Transhumance is the seasonal movement of livestock between mountainous and lowland pastures. It occurs throughout the world, including Scandinavia, France, Italy, Romania, Spain, Turkey, Switzerland and amongst the Sami people of Scandinavia. This practice is based on the difference of climate between the mountains (where the herds stay during the summer) and the lowlands (where they remain the winter). Its importance to pastoralist societies cannot be overstated. Milk, butter and cheese - the products of transhumance - often form the basis of the local population's diet.
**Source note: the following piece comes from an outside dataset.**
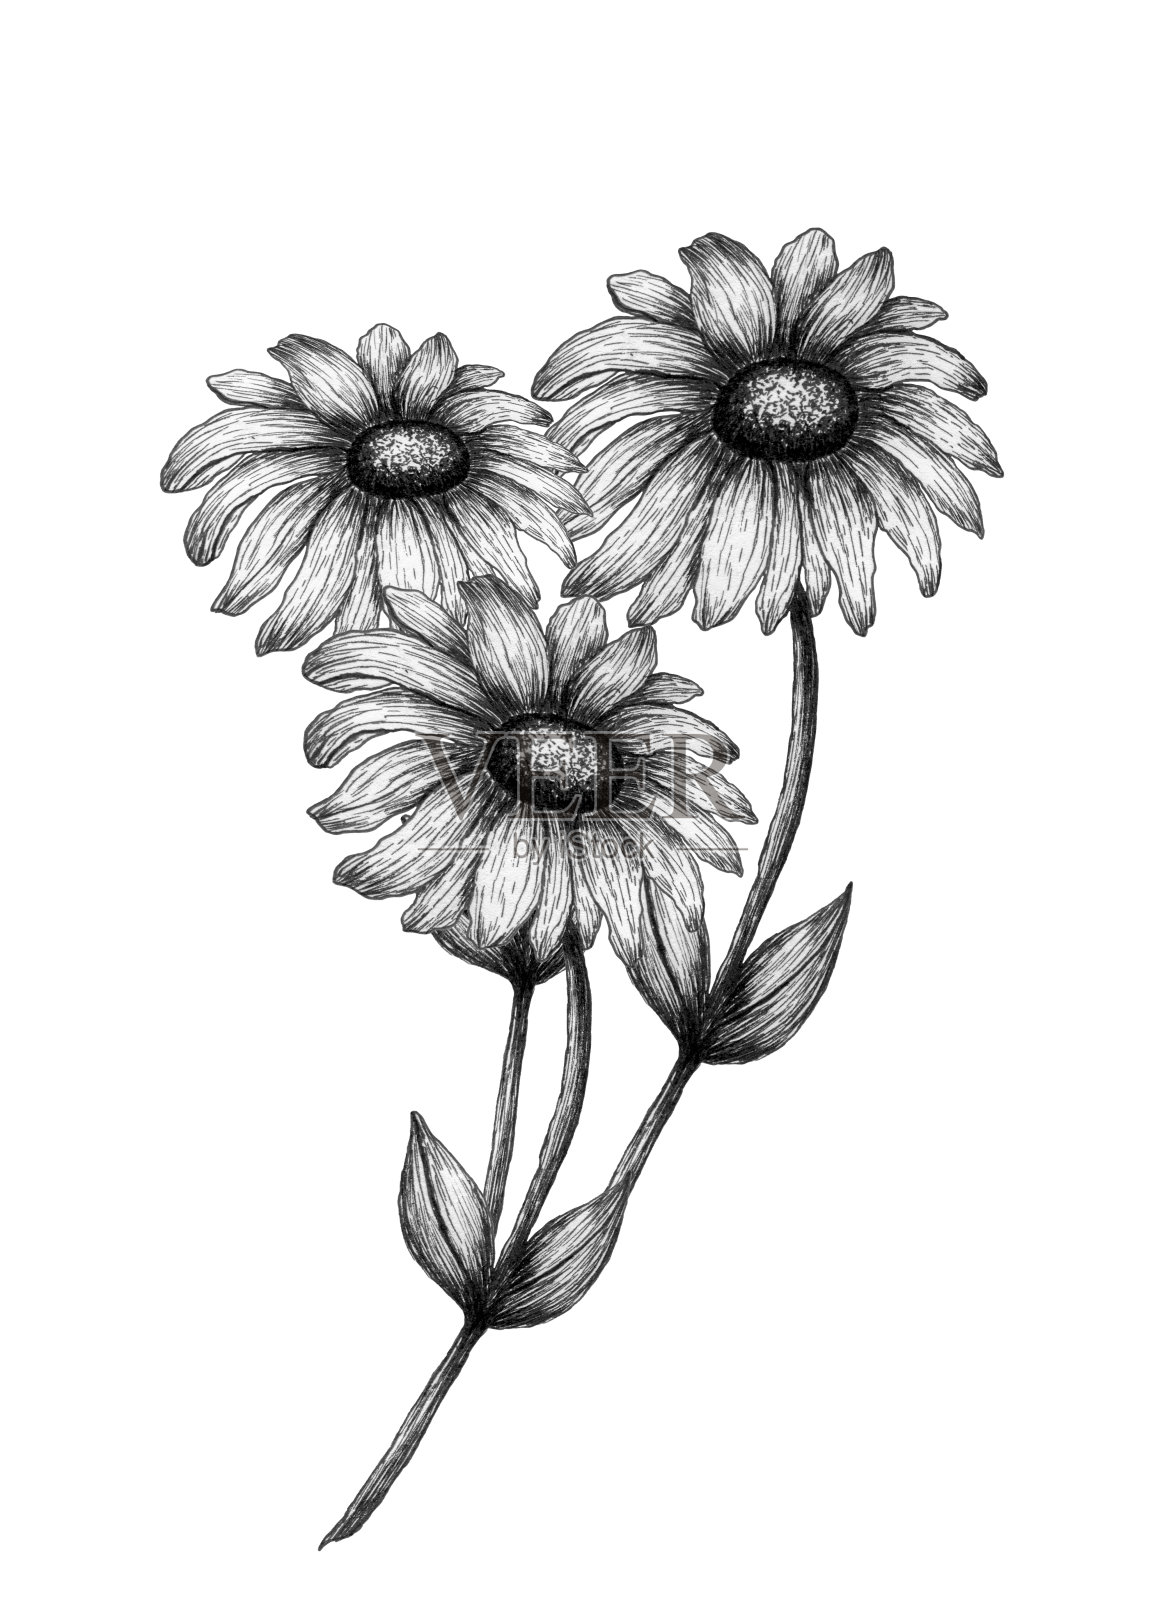 复古雏菊花束，单色花卉插图与手绘野花在墨水素描插画图片素材
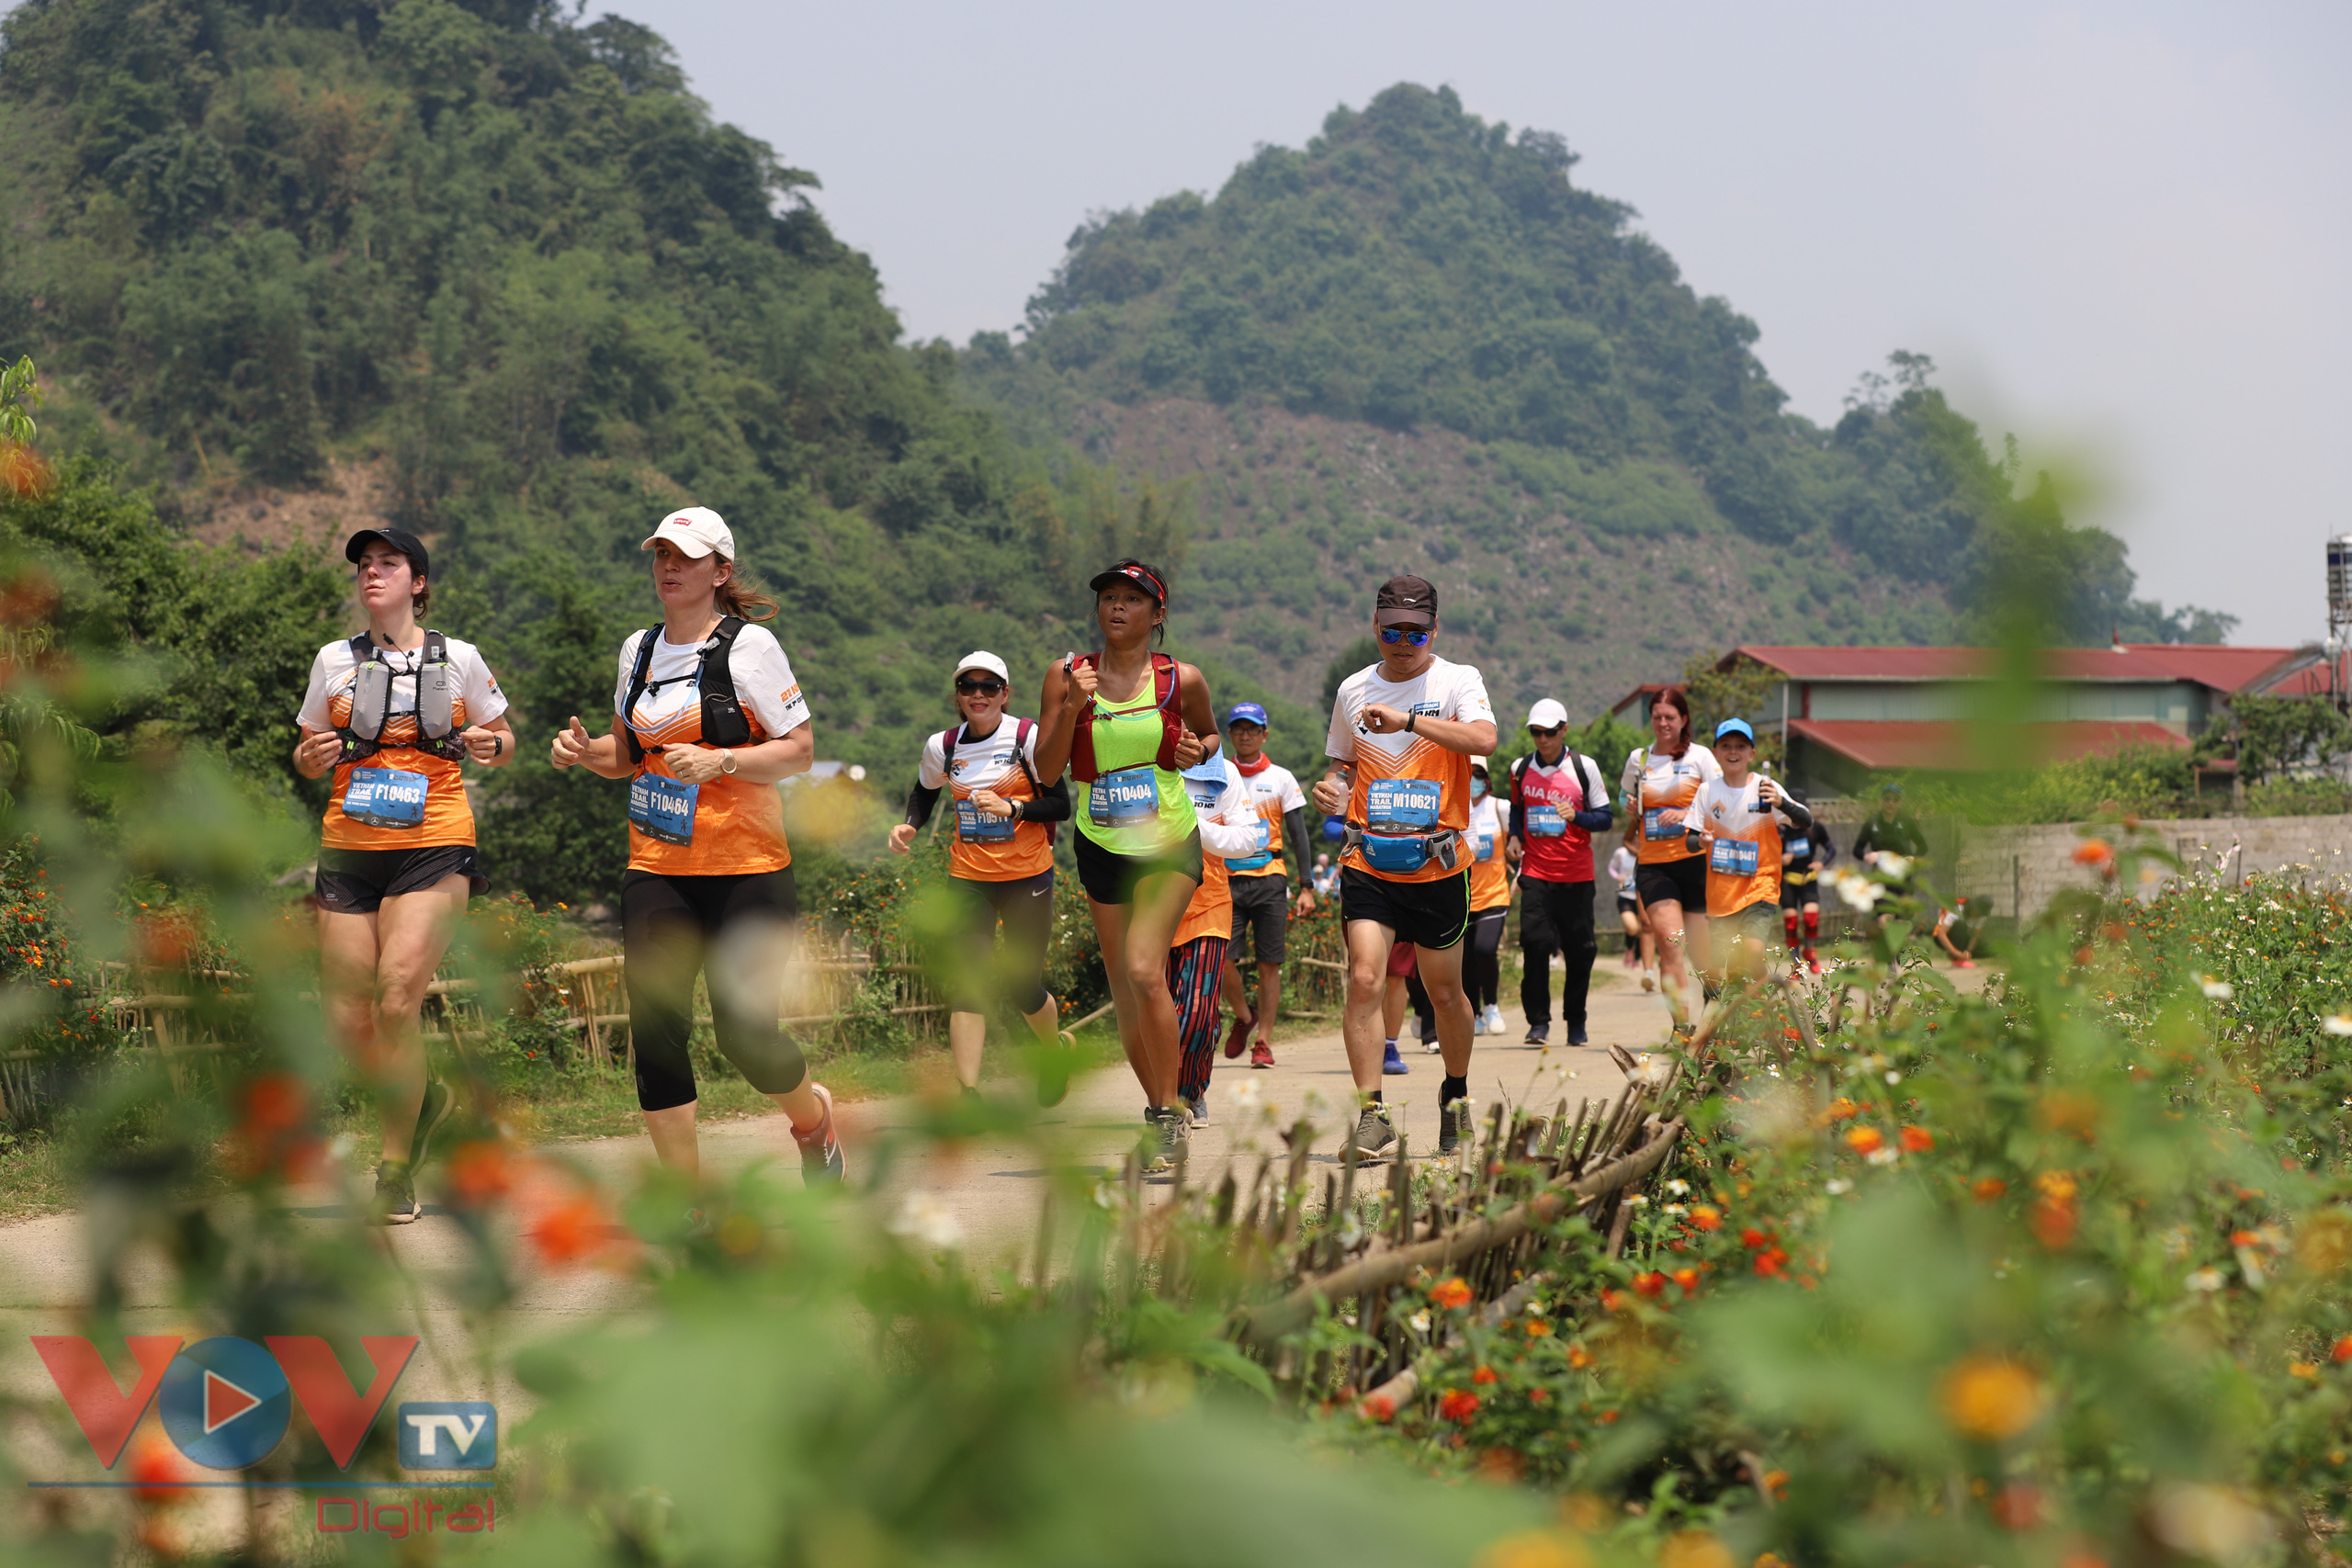 Giải chạy Marathon đường mòn Việt Nam 2021 là cơ hội để các vận động viên giao lưu, học hỏi, rèn luyện sức khỏe...

In the past transhumance was widespread throughout Europe, in some areas - such as the Isle of Lewis in Scotland - within living memory. Today much of the Alpine transhumance is carried out by truck. In other parts of the world a more traditional approach is maintained; for regions of the Himalaya transhumance still provides the mainstay of several near subsistence economies - for example, that of Zanskar.

Often traditional nomadic groups that have subsequently settled into a regular seasonal pattern are described by anthropologists as practicing transhumance.



Missing image
A sæter in Gudbrandsdal. Note that it is above the tree line.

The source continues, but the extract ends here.